I guess it was shame. Or maybe she felt dirty, but I'd have never judged her.
Charlos and Shalria were their names but I never got to play with them, they never came to my room and Mom still didn't allow me out even after I was ten years old. My mother said that they had the 'disease' and didn't want me to get infected.
It was then that I snapped at her for the first time and we had our first argument.
"Why can they play outside and I can't!?"
She slapped me… for the first time in my life, I felt pain. And it was so painful that I just didn't feel like going against her again.

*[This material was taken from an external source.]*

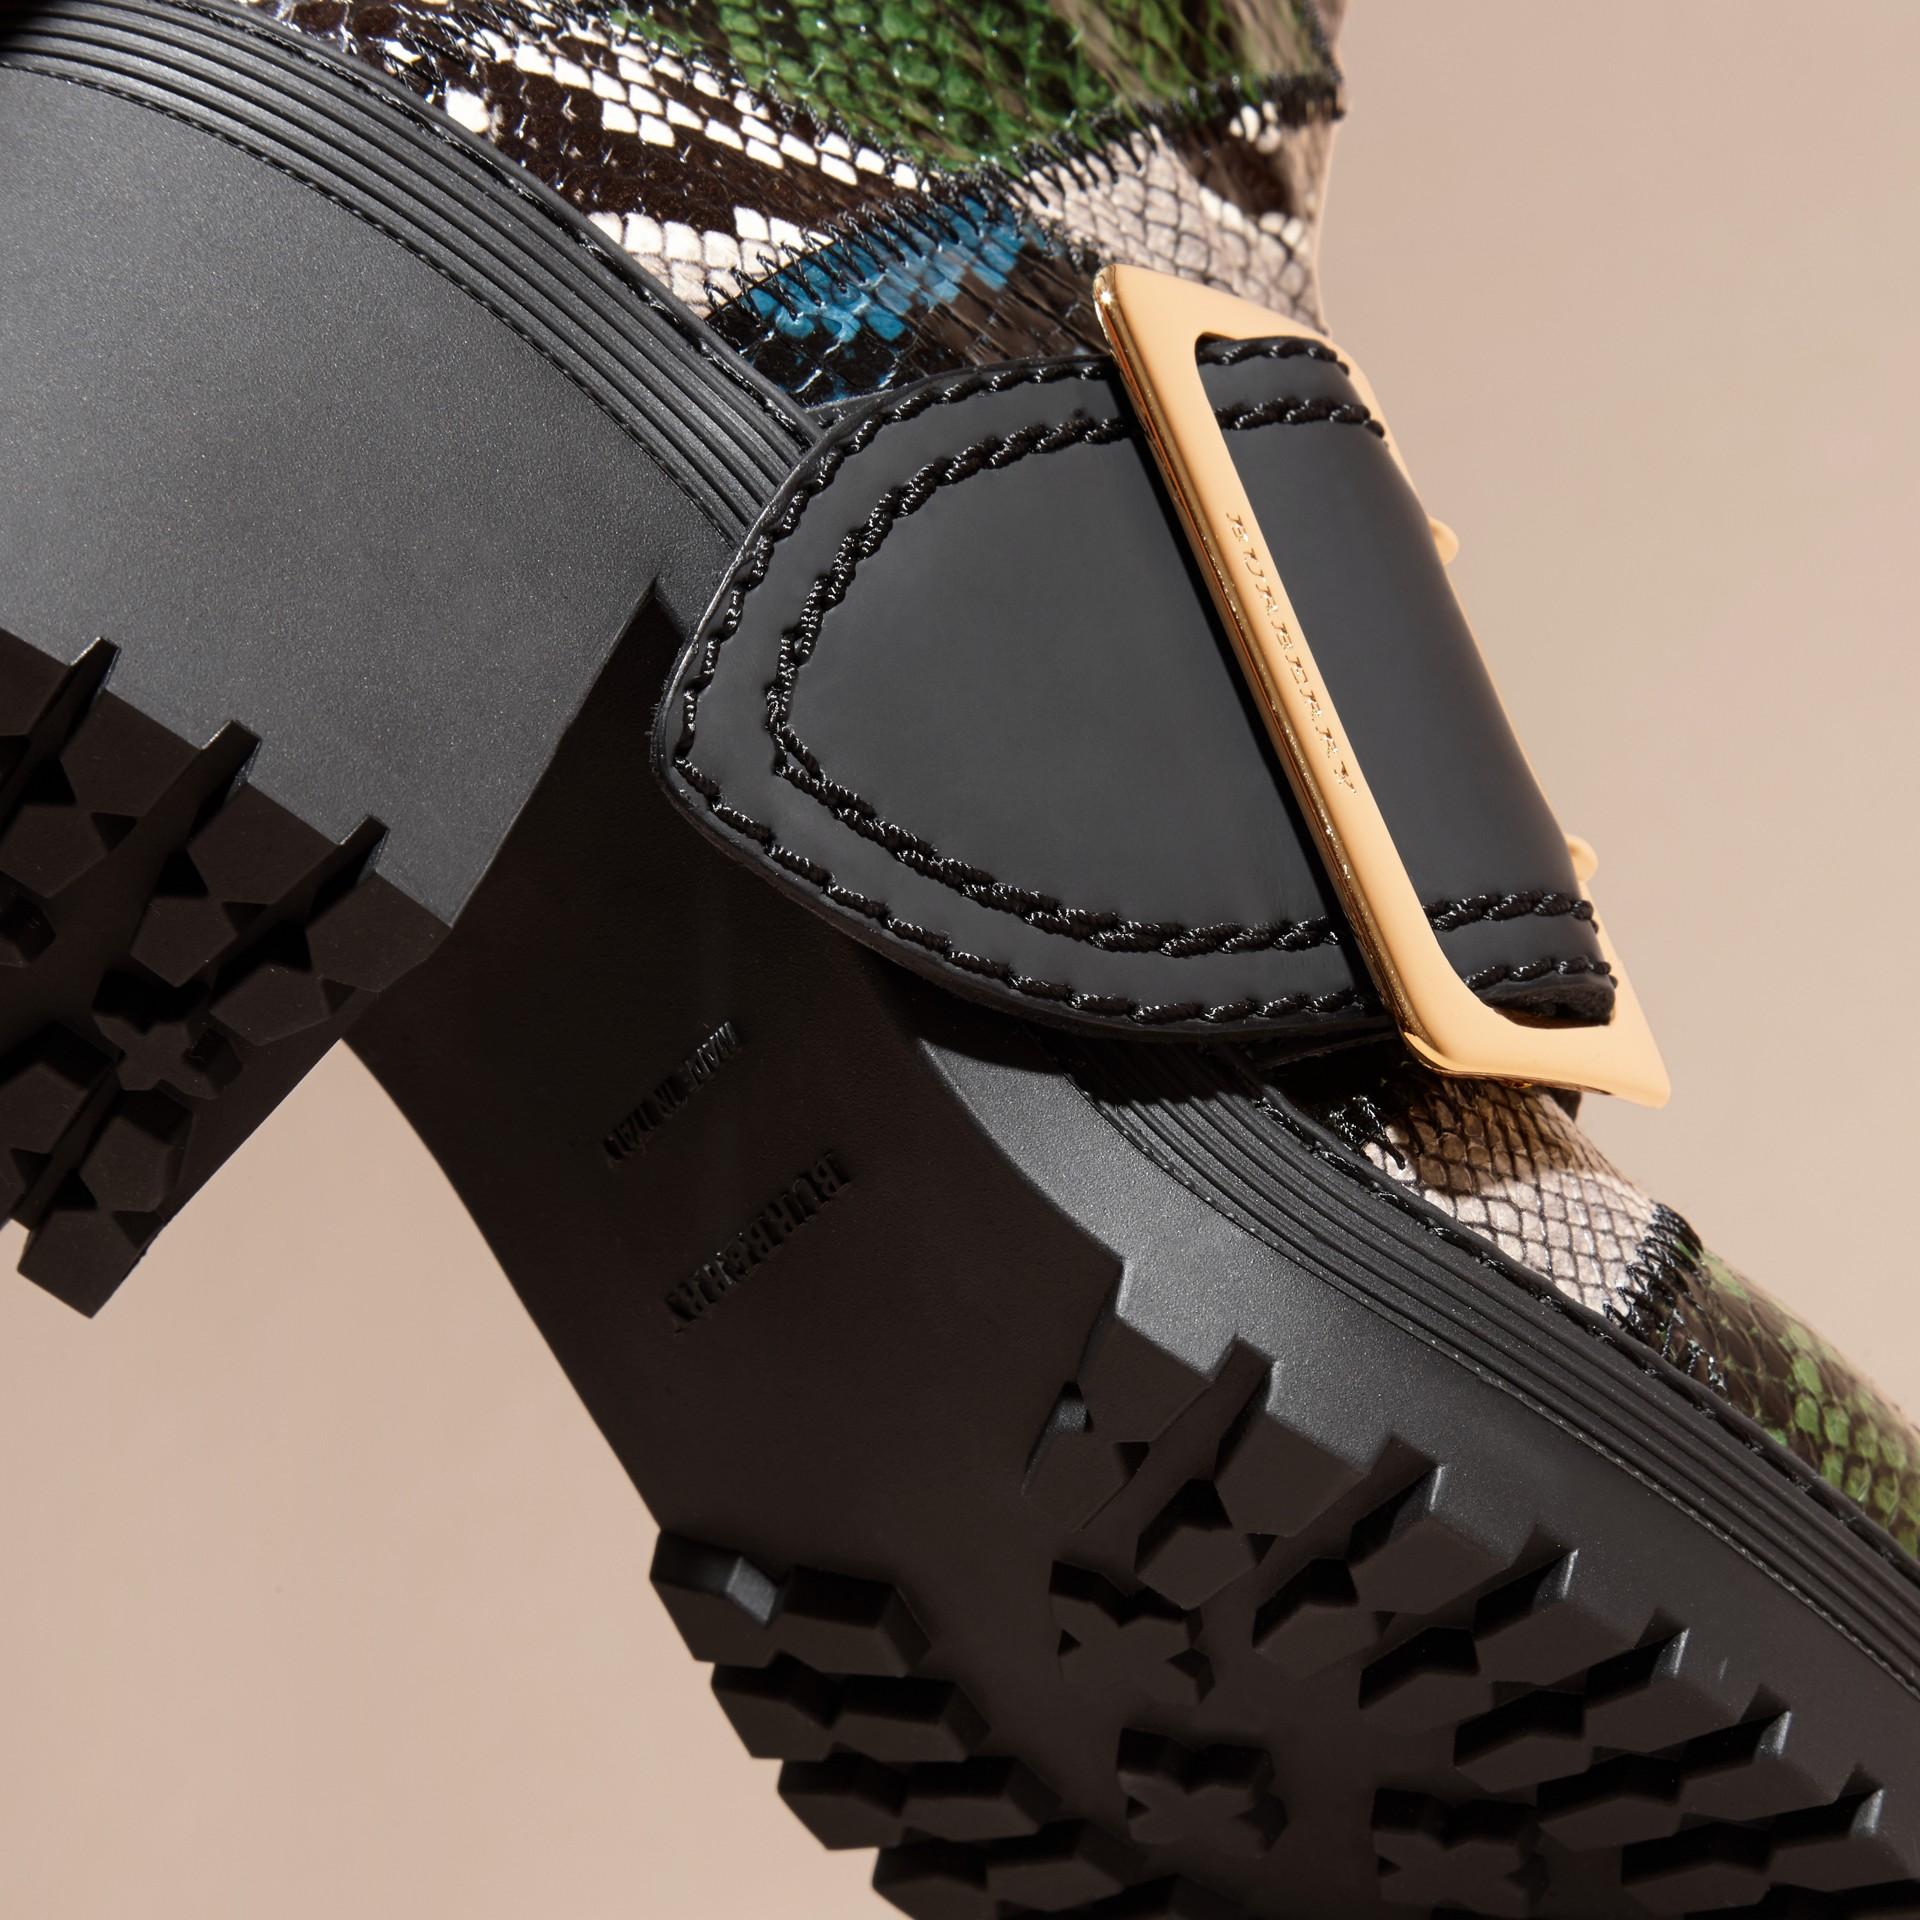 Bleu minéral/noir Bottines The Buckle en peau de serpent et cuir caoutchouté - photo de la galerie 5

"Stop talking nonsense and go back to your bed, Ali!"
My kind mother was slipping far away… and I thought it was my fault.
One night I saw her crying worse than ever before, she didn't even try to hide it.
"Mom? I'm sorry… I won't complain again".
That didn't stop her. I saw a piece of paper lying at her feet, newspapers.
"Incident of God Valley. The Fall of the Rocks Pirates. Erase the evildoer from history…"
She was hopeful we would be saved from this world filled with disease… but that hope was gone. He'd never come, he was finished. Rocks D. Xebec, is that my father?
The days after that were even more anxious with people knocking on our doors, my mother would usually attend them but it would always end in arguments. One day she returned, panting and holding something special.
"Ali, eat this…! quickly!"
"What is this? It looks exotic"
It was a devil fruit, the suna suna no mi. A very powerful devil fruit that surely cost her a lot to get, she got it for me.
"Just eat it".
I did so, and the taste was something I'd never forget.
*PUAG!*
"It is horrible! This is the worst thing I have eaten!"
"Eat the rest of it, come on!"
After she saw me eat it, I saw her smile again after so long and I felt weird, my body started transforming into sand involuntarily and she explained to me what devil fruits were.
Even if it tasted like sh*t. As long as she smiled, I'd eat a hundred.